--- Records supplied ---
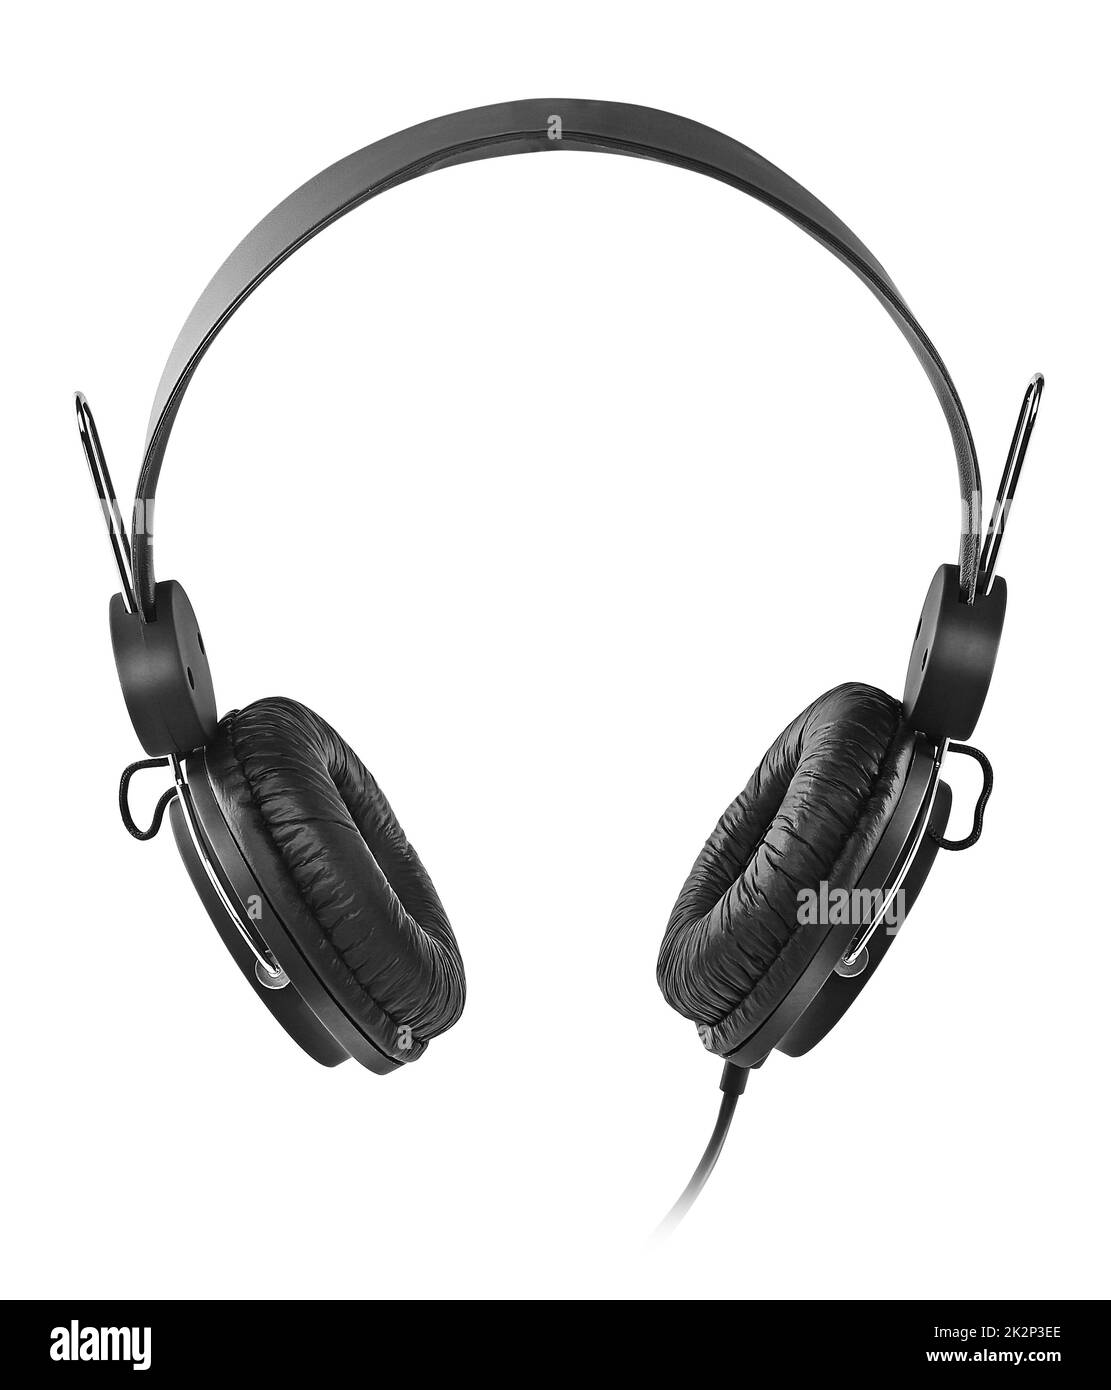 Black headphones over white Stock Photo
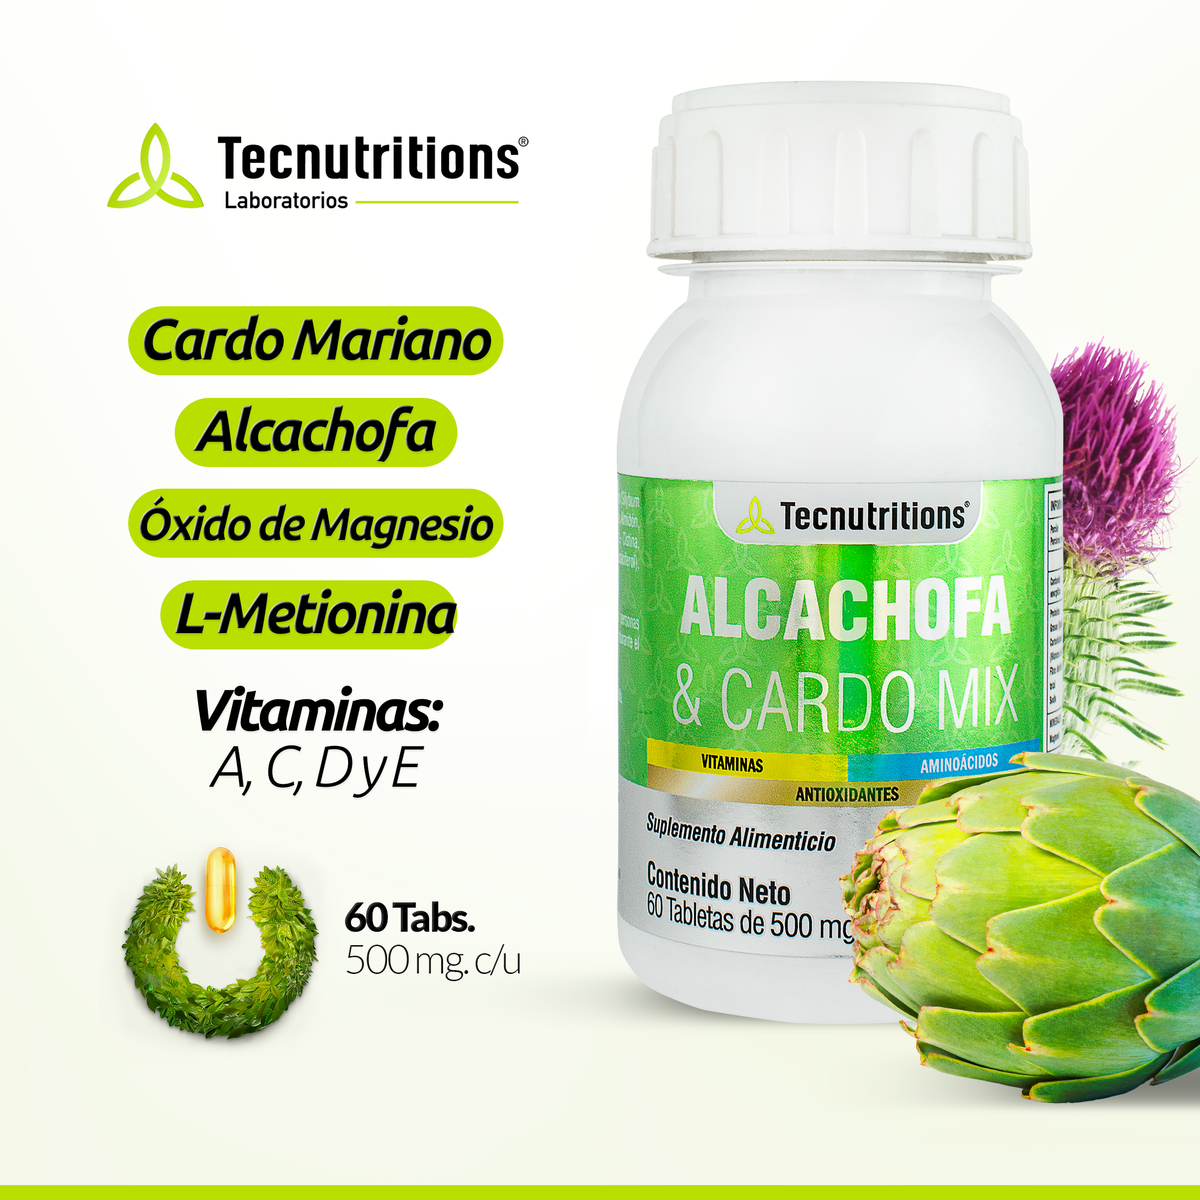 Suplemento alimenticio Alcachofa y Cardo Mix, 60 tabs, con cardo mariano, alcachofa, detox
---
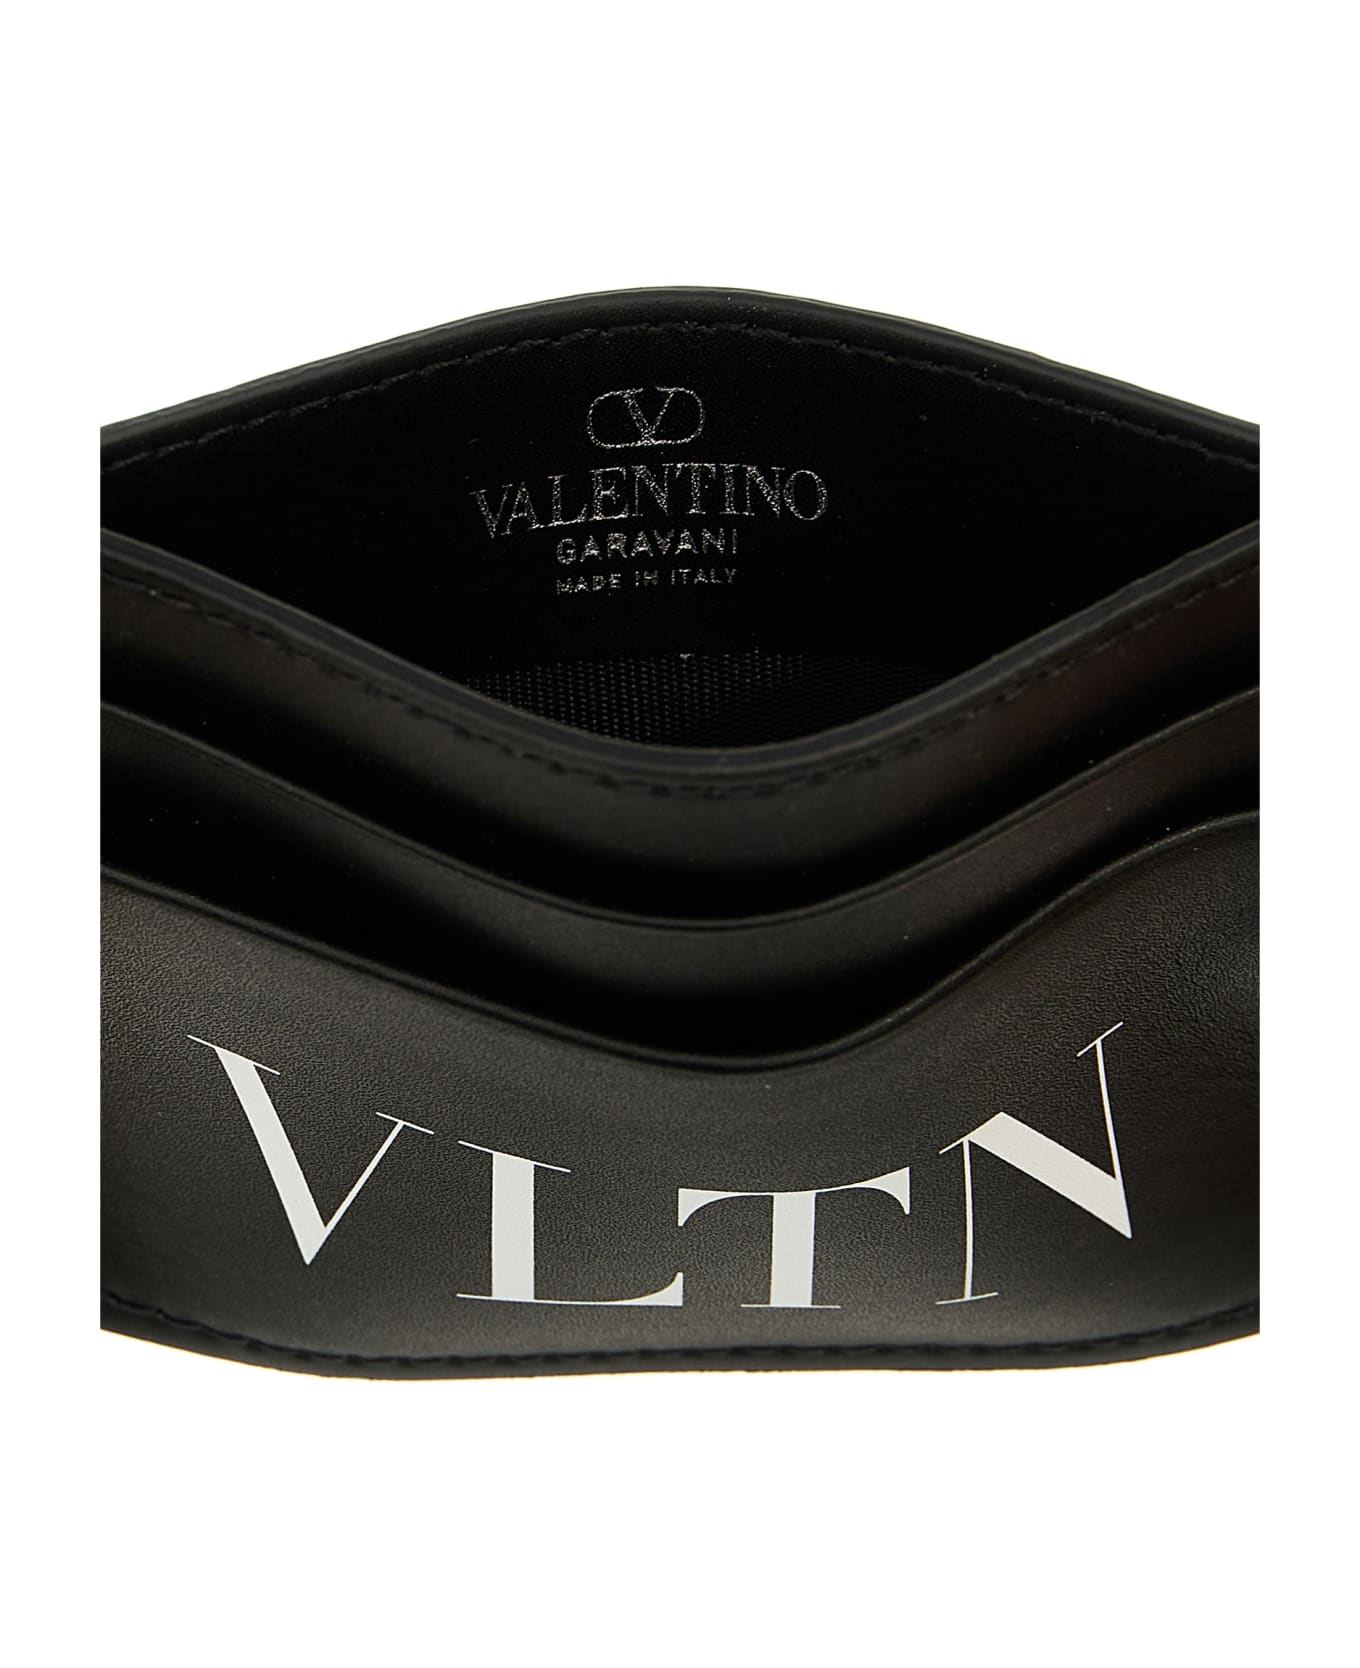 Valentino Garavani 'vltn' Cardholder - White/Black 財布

--- Task directions ---
Print, word for word, the lines above that run from the line containing "Black headphones over white Stock Photo" to the line containing "Suplemento alimenticio Alcachofa", both included. Keep the pictures out.

--- Your solution ---
 Black headphones over white Stock Photo
 Suplemento alimenticio Alcachofa y Cardo Mix, 60 tabs, con cardo mariano, alcachofa, detox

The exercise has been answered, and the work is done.